Quando all’improvviso la presenza dell’Italia ai Mondiali ci è stata tolta, siamo rimasti scioccati. E siamo così ostinati nelle nostre convinzioni, che non ci è sembrata una cosa ripetibile. E invece si è ripetuta e si può ripetere.
E la ripetizione è sempre uguale, in un modo che, devo dire, sembra raccontare una situazione molto tipica italiana. Noi non ci accorgiamo davvero che c’è una partita importante oggi per domani, non ce ne importa davvero, casomai quella sera non la vediamo, abbiamo altro da fare; ci accorgiamo di non partecipare ai Mondiali solo quando succede che non partecipiamo ai Mondiali. In questi giorni contava di più chi fosse il nuovo allenatore dell’Inter o se sarebbe arrivato Modric o De Bruyne che la partita evidentemente decisiva contro la Norvegia.

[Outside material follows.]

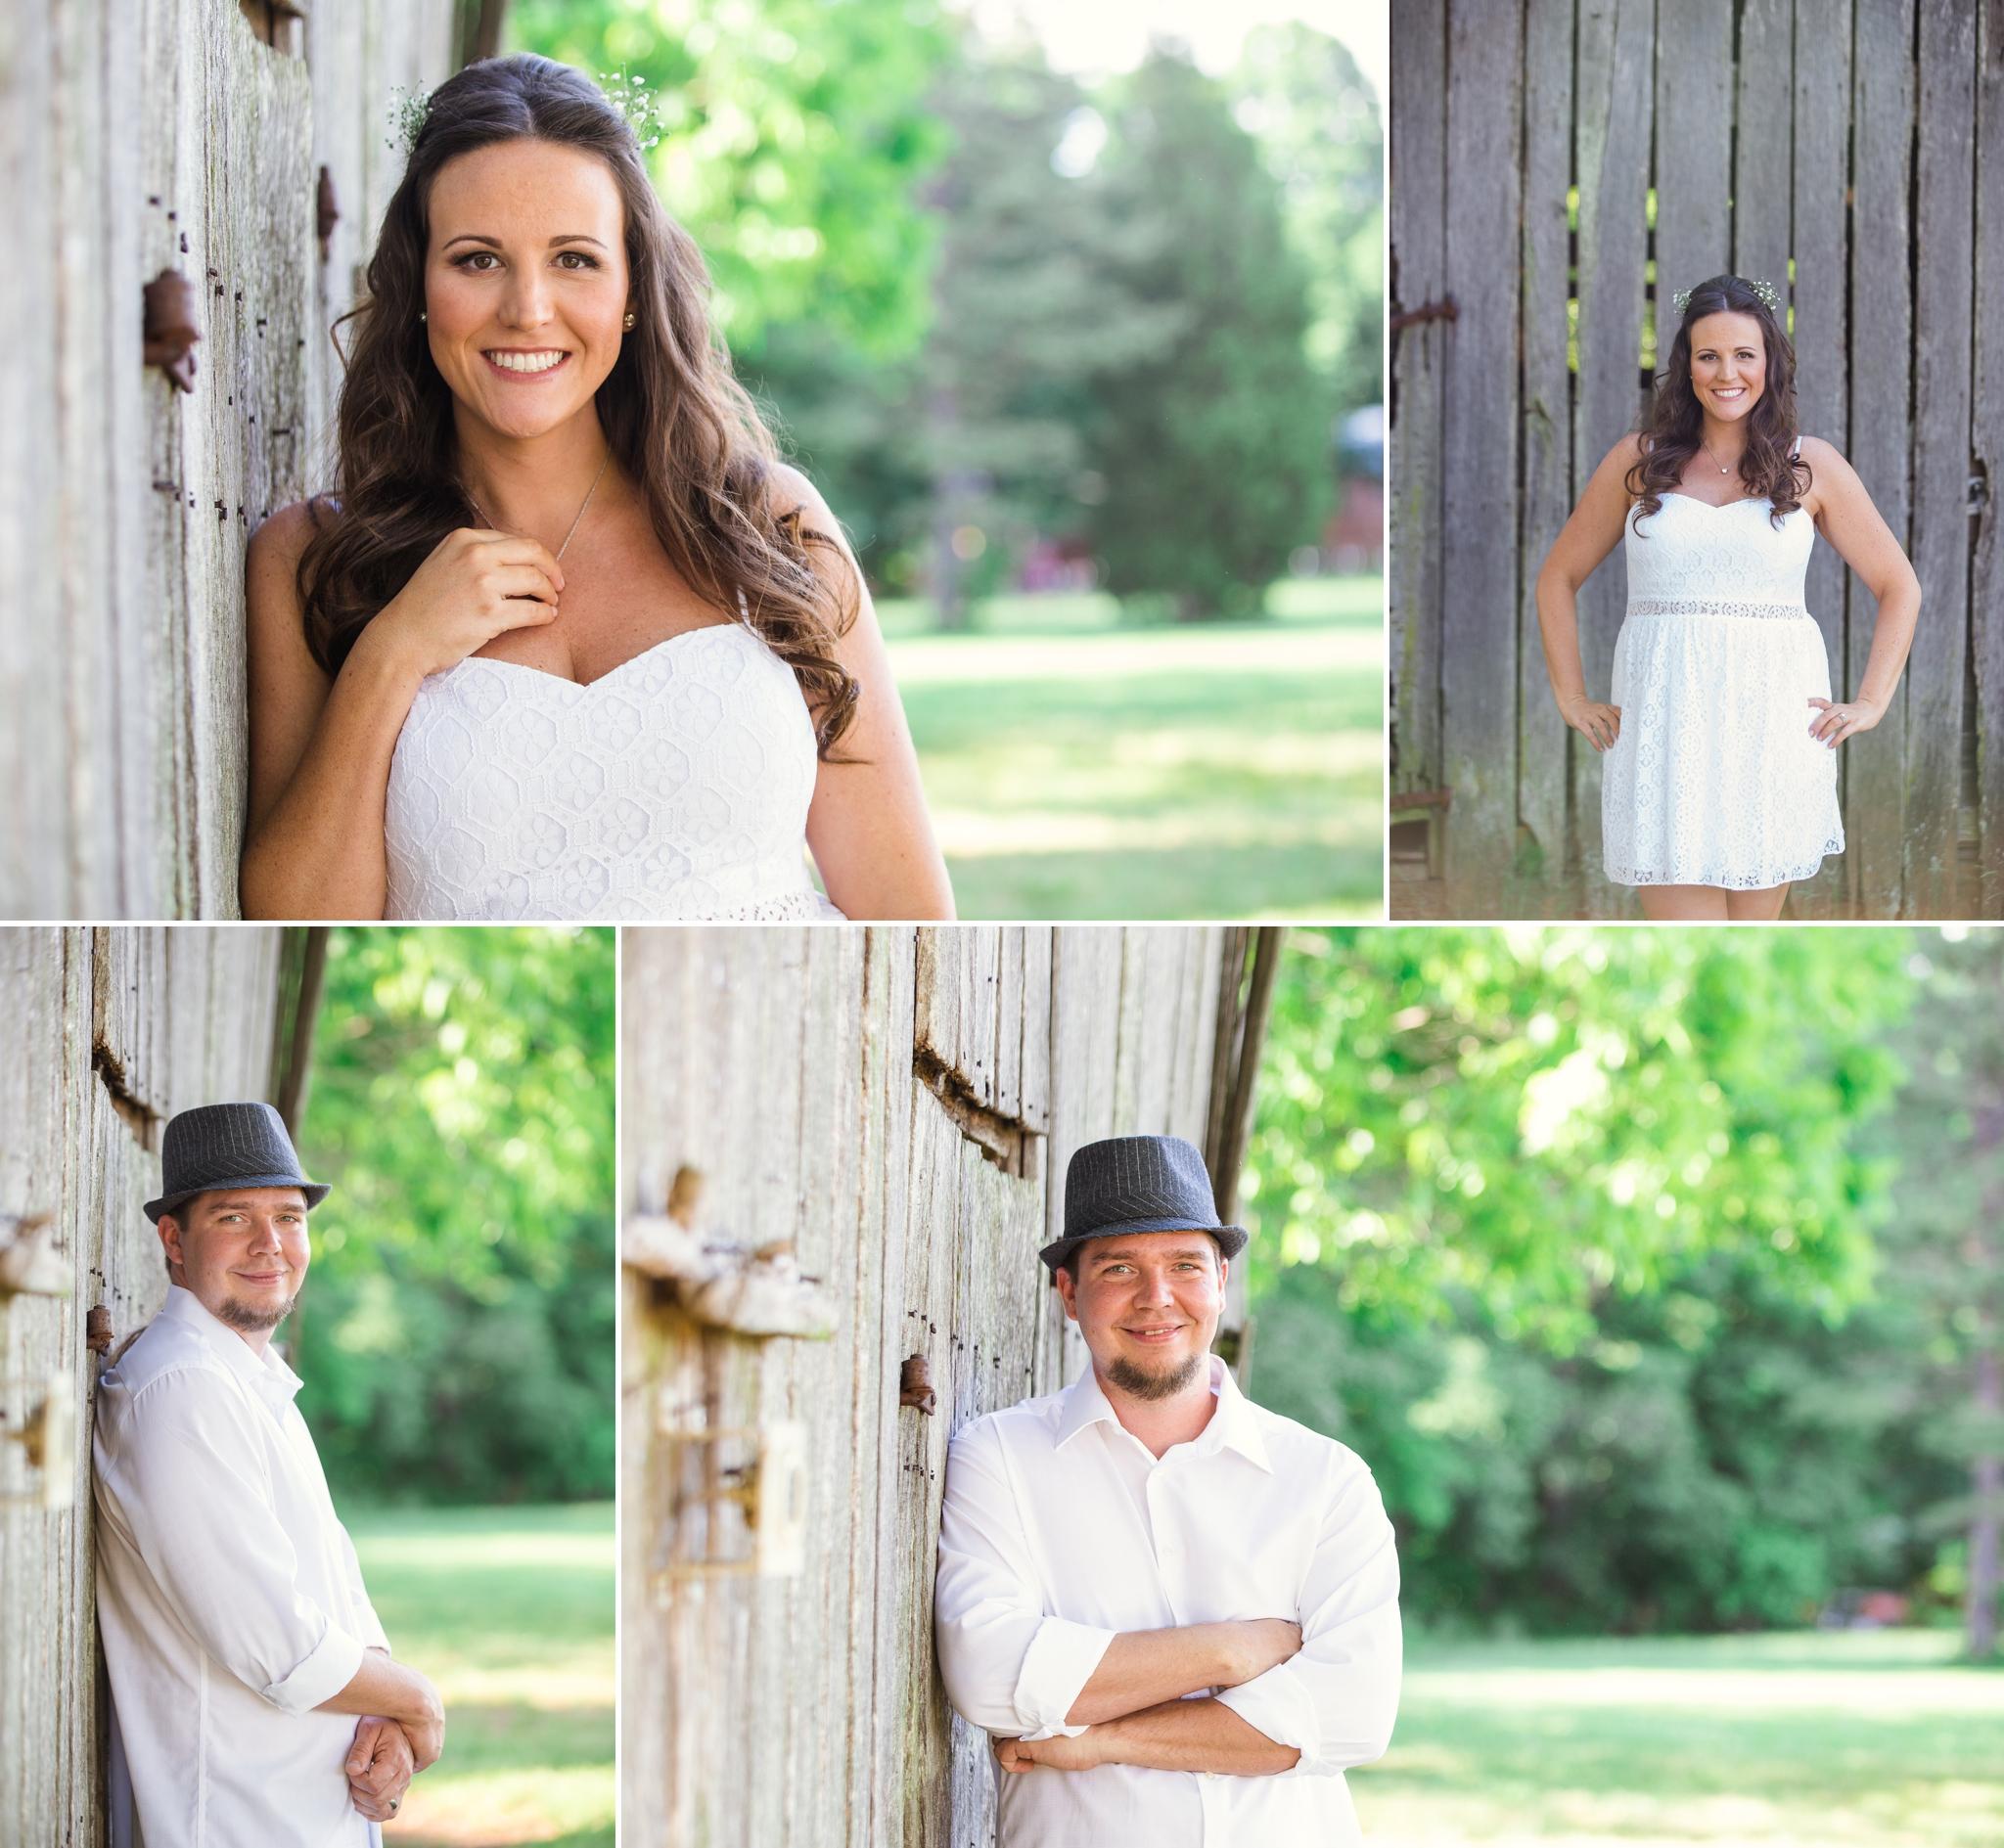 Wedding Photographer in Fayetteville, North Carolina

Non importava davvero ai giornali perché non importava davvero a noi. E in questo, forse, c’è anche una certa presunzione: non abbiamo partecipato a due Mondiali ma restiamo tra i più forti, e quindi non è possibile che accadrà di nuovo. E adesso, che praticamente la situazione è già disperata, pensiamo che non potrà succedere, salvo poi farne una tragedia quando la tragedia (calcistica, per carità, quindi sopportabile come del resto l’abbiamo già sopportata) si è già compiuta.
Accorgersi delle tragedie quando le tragedie sono già successe, non prevederle né tentare di fermarle, e lamentarsi molto quando non si può fare più nulla: non bisogna sottovalutare lo sport, e il calcio in particolare, in Italia, perché racconta sempre molto di più di quello che è.